## EXERCISE AIM
Without the pictures, restate all of the data below word for word.

## THE DATA
§ §

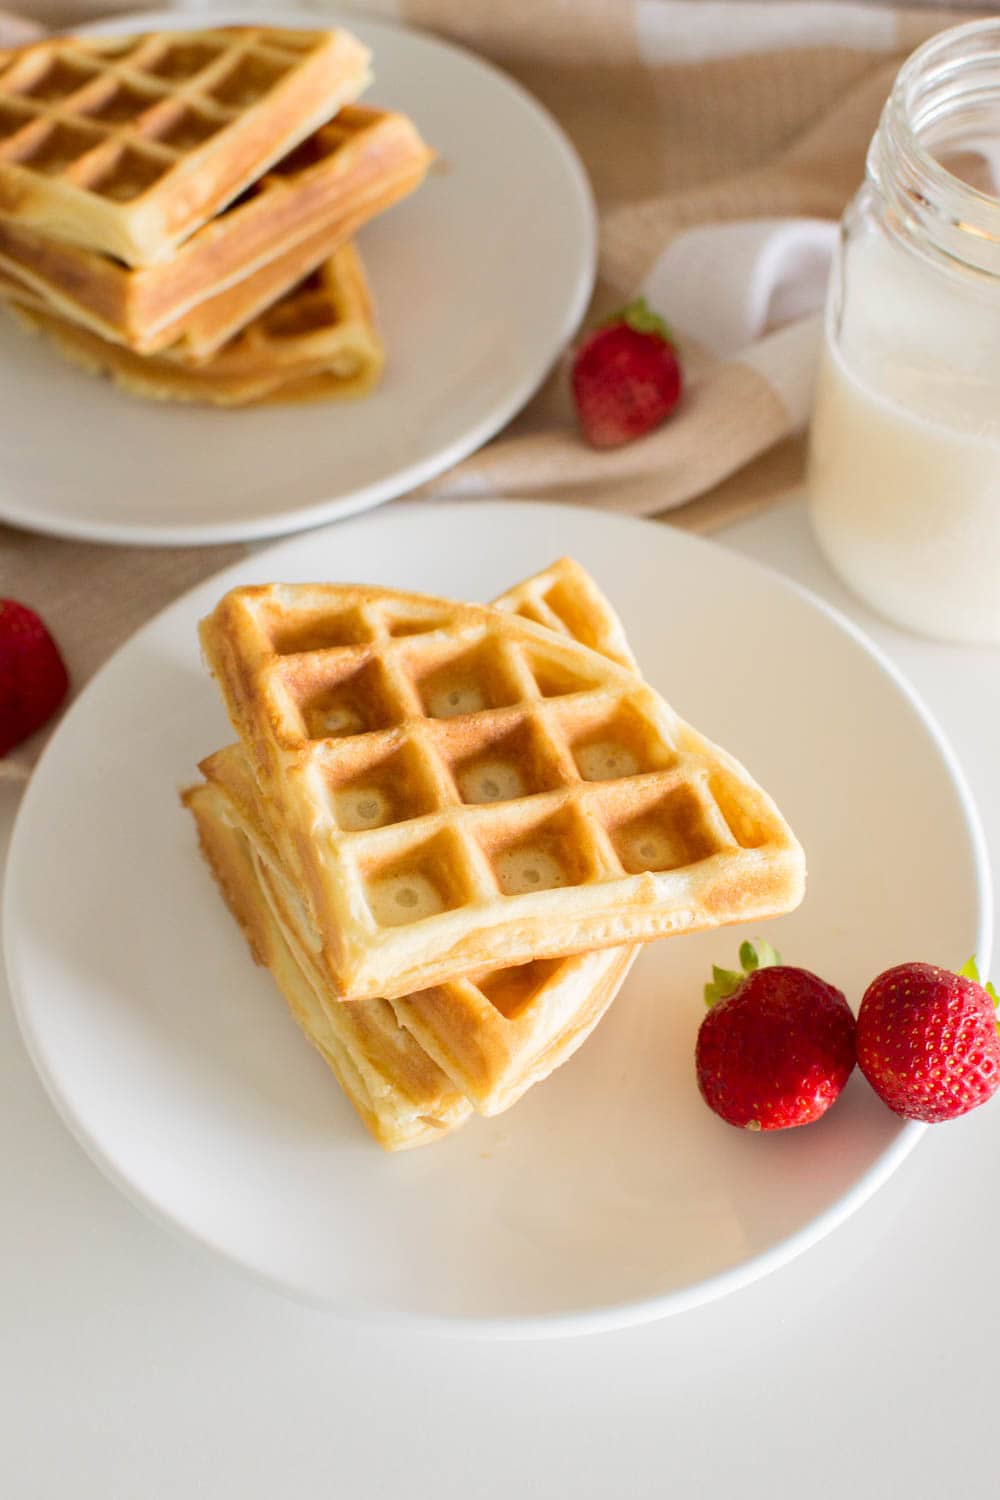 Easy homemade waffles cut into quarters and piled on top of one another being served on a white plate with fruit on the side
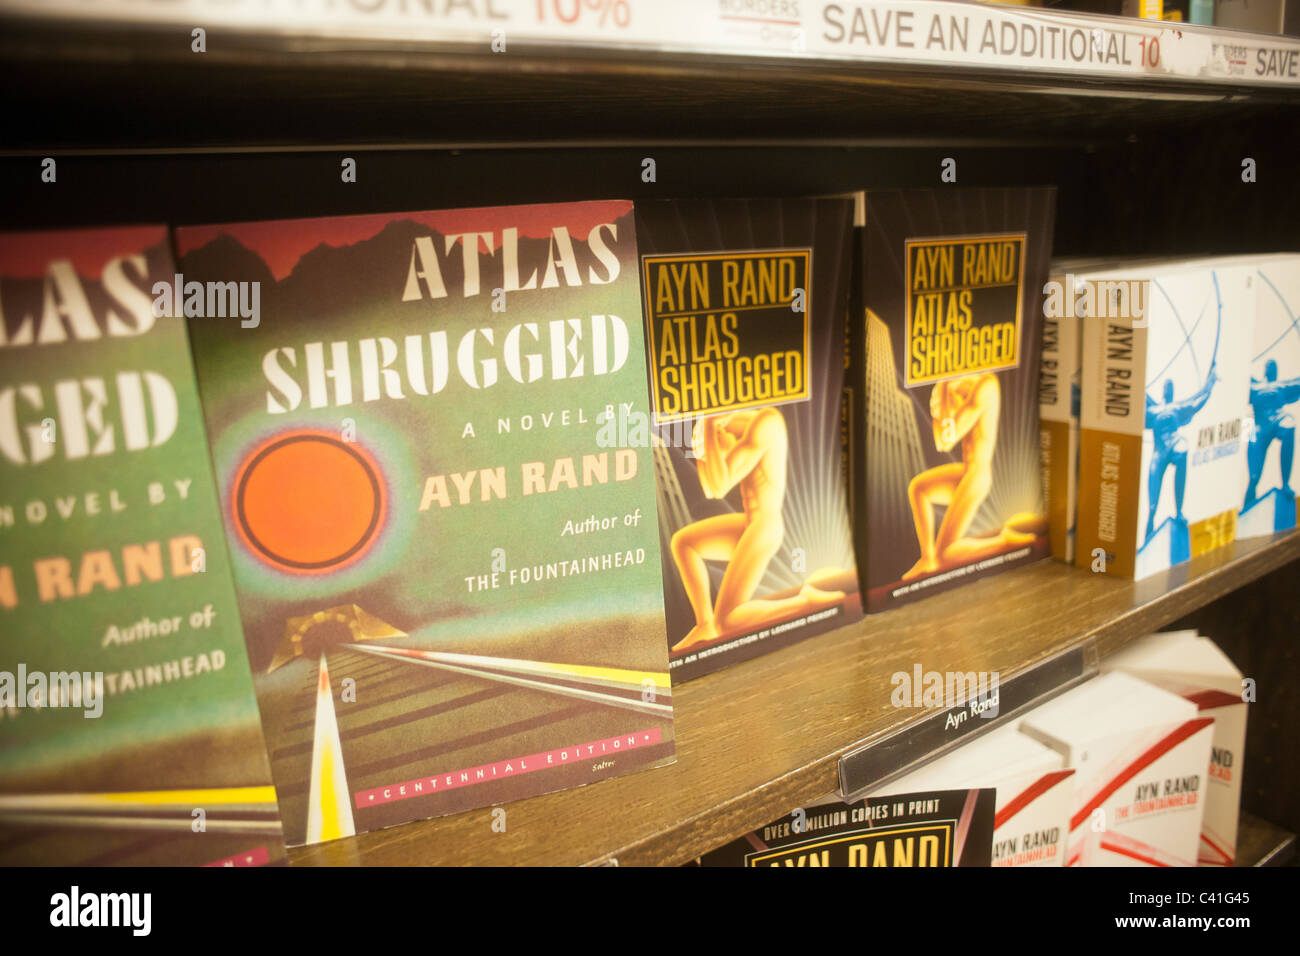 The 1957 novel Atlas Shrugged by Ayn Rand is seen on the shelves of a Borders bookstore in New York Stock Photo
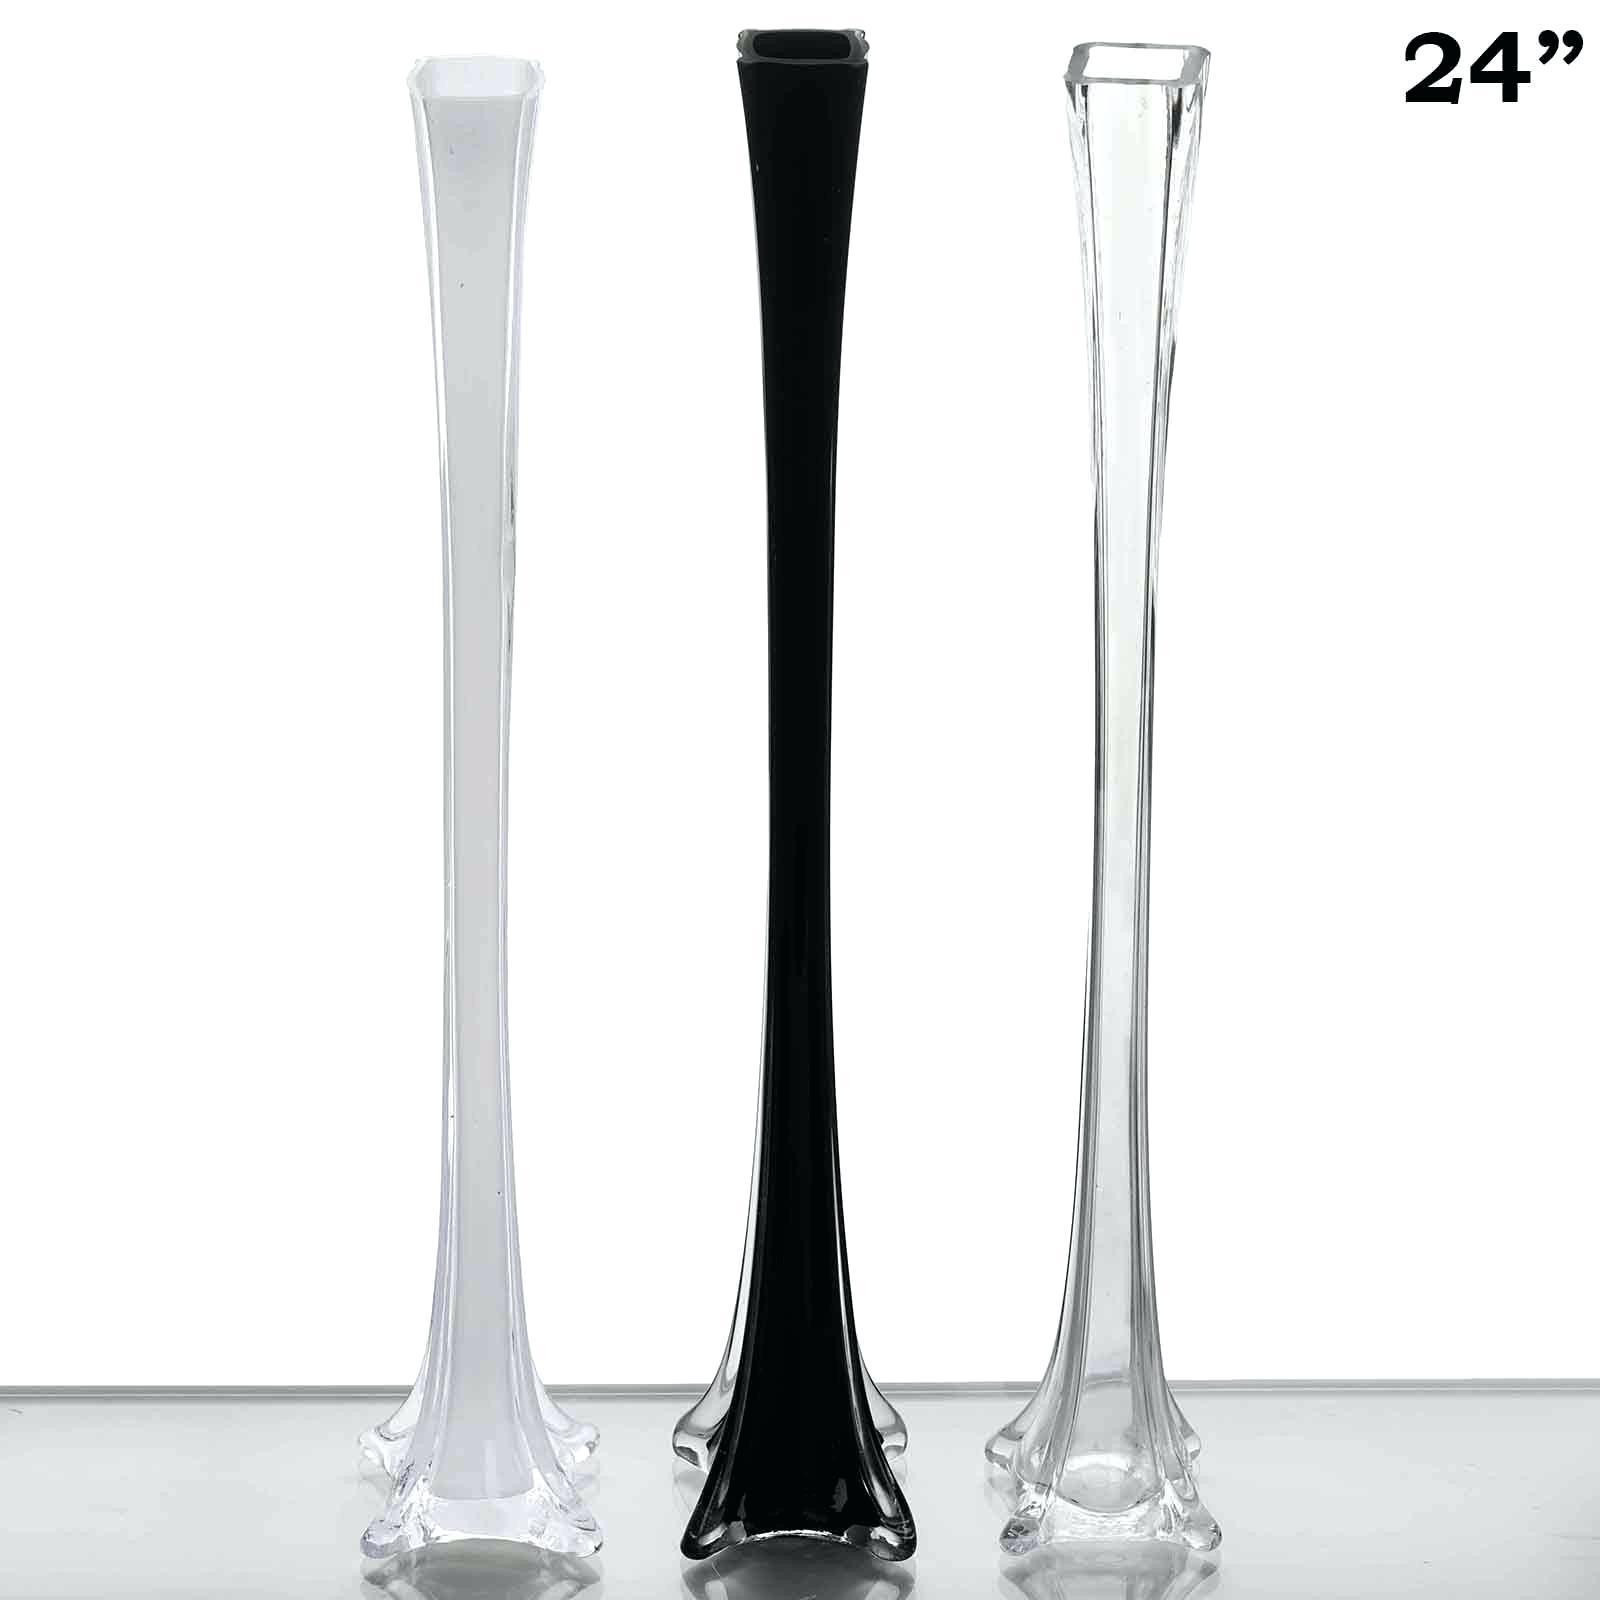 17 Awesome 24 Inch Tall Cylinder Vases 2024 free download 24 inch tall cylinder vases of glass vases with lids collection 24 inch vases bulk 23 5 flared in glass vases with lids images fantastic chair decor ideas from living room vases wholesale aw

§ §

## TASK RESULT
 Easy homemade waffles cut into quarters and piled on top of one another being served on a white plate with fruit on the side
 The 1957 novel Atlas Shrugged by Ayn Rand is seen on the shelves of a Borders bookstore in New York Stock Photo
 17 Awesome 24 Inch Tall Cylinder Vases 2024 free download 24 inch tall cylinder vases of glass vases with lids collection 24 inch vases bulk 23 5 flared in glass vases with lids images fantastic chair decor ideas from living room vases wholesale aw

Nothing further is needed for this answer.